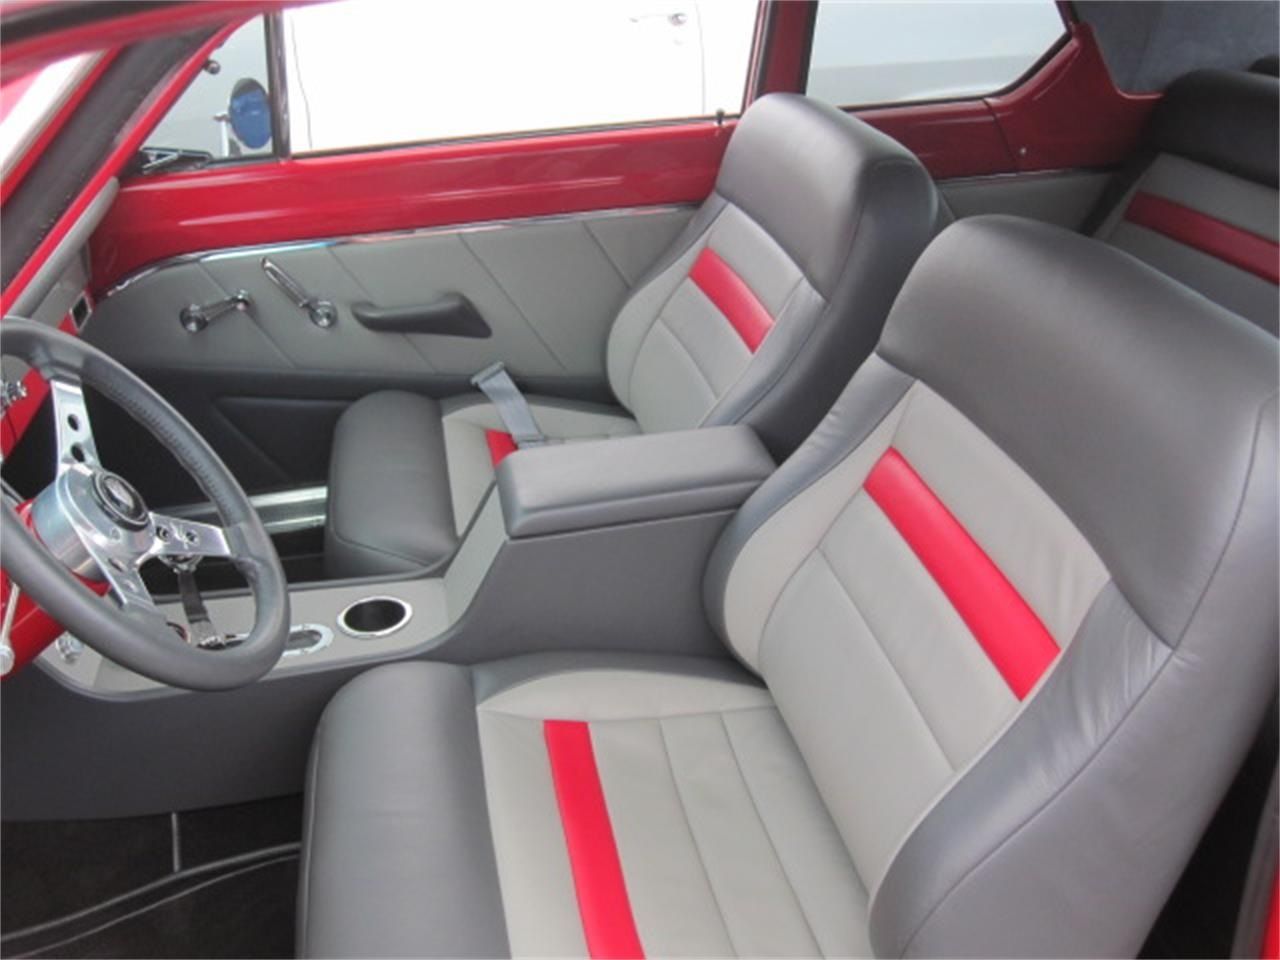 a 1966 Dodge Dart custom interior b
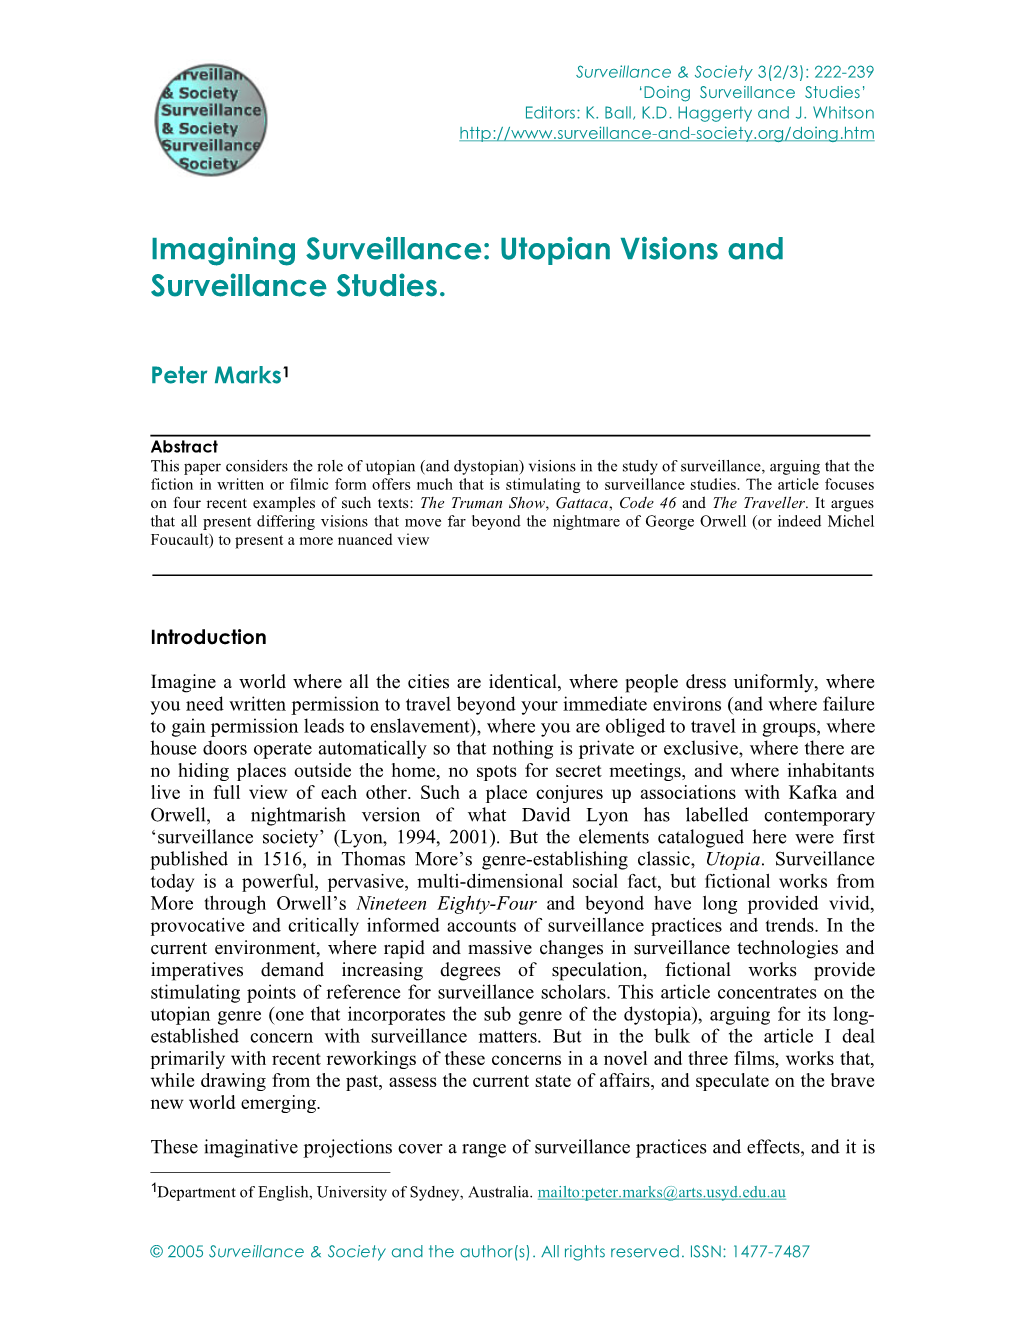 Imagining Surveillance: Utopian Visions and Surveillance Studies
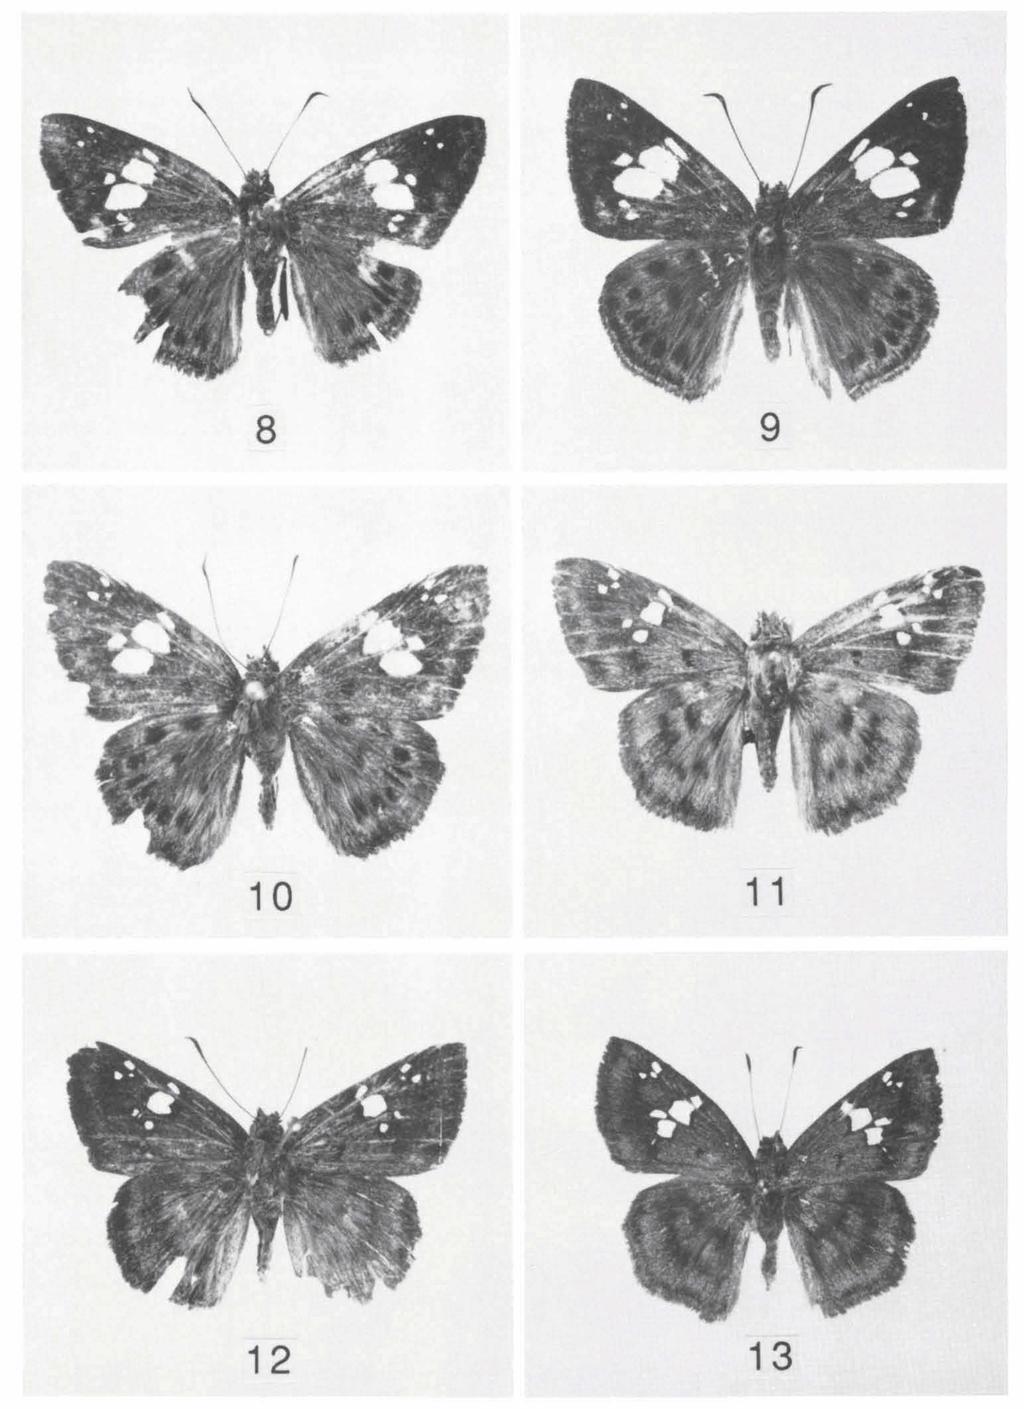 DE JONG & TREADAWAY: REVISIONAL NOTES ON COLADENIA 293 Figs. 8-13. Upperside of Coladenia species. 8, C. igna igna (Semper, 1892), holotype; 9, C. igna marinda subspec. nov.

----------------

## BRIEF
Please return all of the material above exactly, minus any pictures.

## FINISHED TASK
 a 1966 Dodge Dart custom interior b
 Imagining Surveillance: Utopian Visions and Surveillance Studies
 DE JONG & TREADAWAY: REVISIONAL NOTES ON COLADENIA 293 Figs. 8-13. Upperside of Coladenia species. 8, C. igna igna (Semper, 1892), holotype; 9, C. igna marinda subspec. nov.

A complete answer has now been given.